Professional Organizer Kelly Pratt shares some helpful guidelines.


Look What I Drew!

Organizing and Displaying Kids’ Art

You have a budding artist—or two or three. The front of your fridge is plastered with images ranging from your 2-year-old’s first scribbles (on paper) to your kindergartner’s abstract macaroni cow to your second-grader’s ever-evolving and oh-so-prolific attempts at Dracula and his happy pet bats. You receive daily samples of your someday-famous artist’s prowess in mediums ranging from crayons to Cap’n Crunch—and the front of the fridge isn’t getting any bigger. What’s the best way to capture the best of the best and celebrate your child’s creativity without buying an extra refrigerator or renting a storage unit?

Create Guidelines for What to Keep

The beginning of the school year is a perfect time to establish ground rules for which, and how many, items and projects you will save.
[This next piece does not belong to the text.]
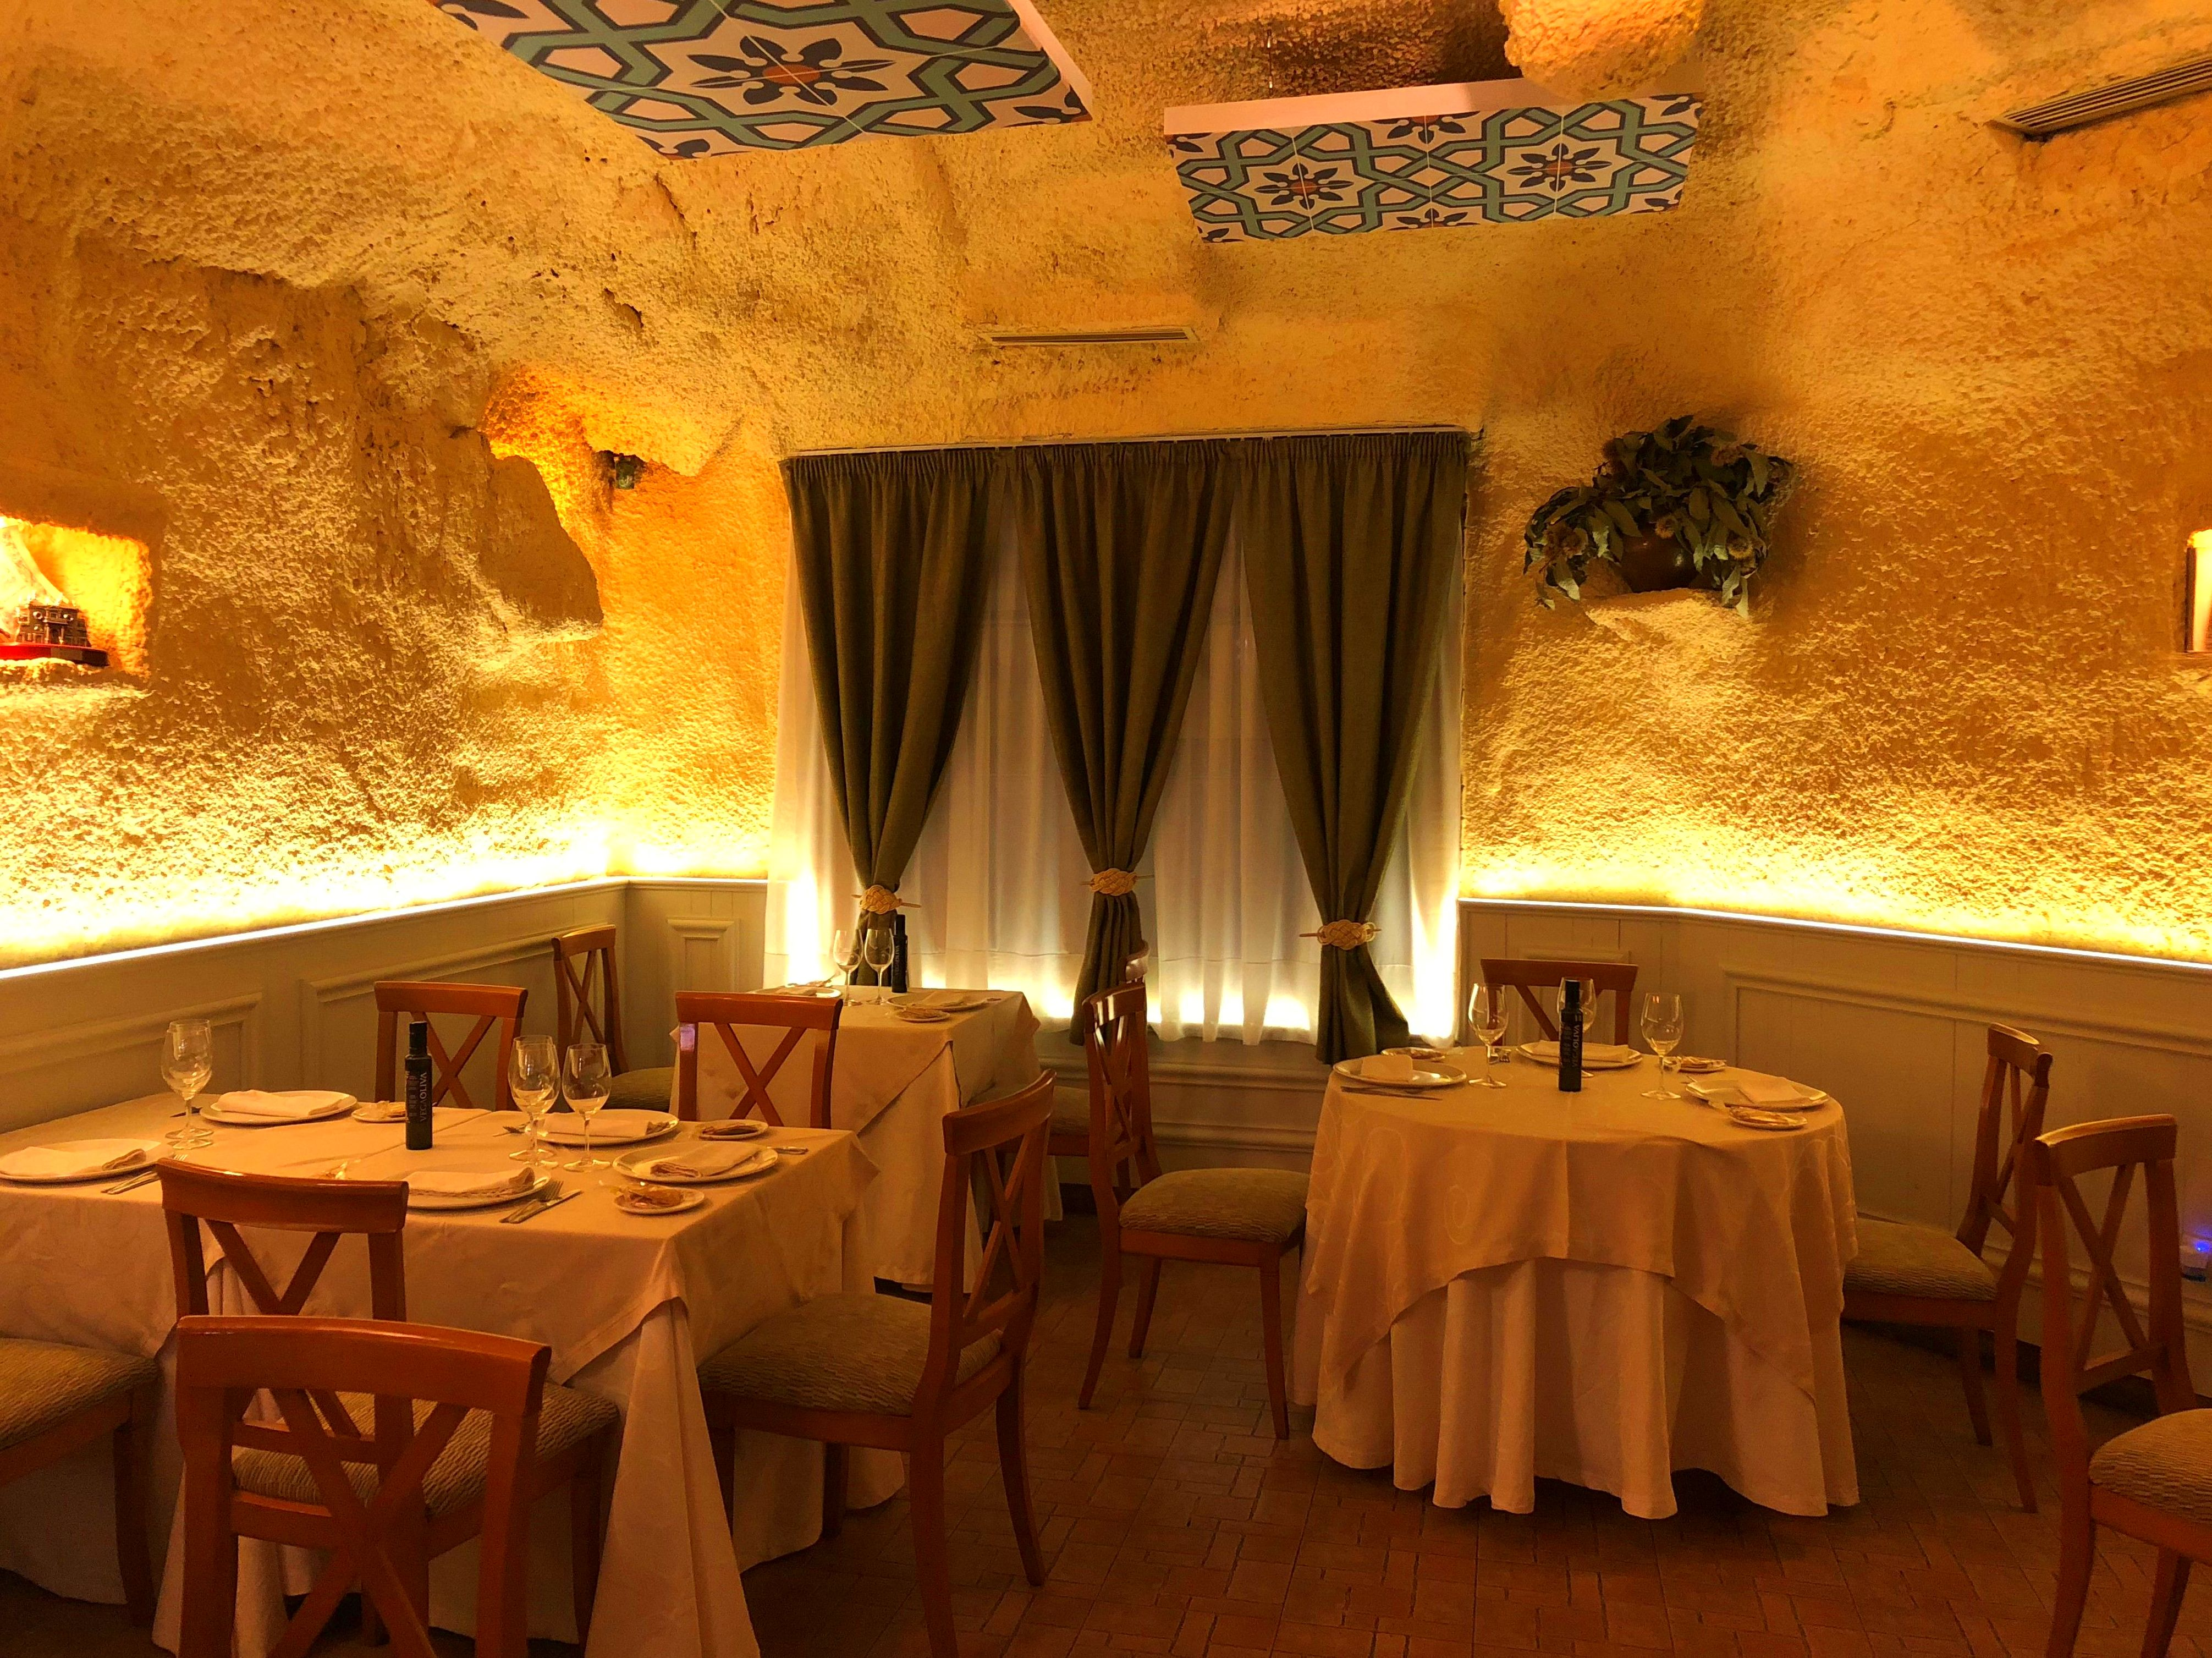 Celebración de eventos: Carta de Bernardo Restaurante - Entrevinosytapas

Involve your child in this process so you have his or her buy-in when the time comes to purge. I recommend saving between 10 and 15 pieces of artwork per year, perhaps a few more if your child is a truly gifted artist or absolutely loves to create.

Examples of items to keep are—

• Particularly fine work.

• Special projects.

• Projects and pictures that truly reflect or chronicle your child’s developmental stages.

Examples of items to let go are—

• Daily worksheets.

• Coloring book pages (unless they are masterfully done).

• Projects with food glued to them (like macaroni, beans, candy, etc.).

• 195 of your child’s two hundred pictures of his or her favorite subject.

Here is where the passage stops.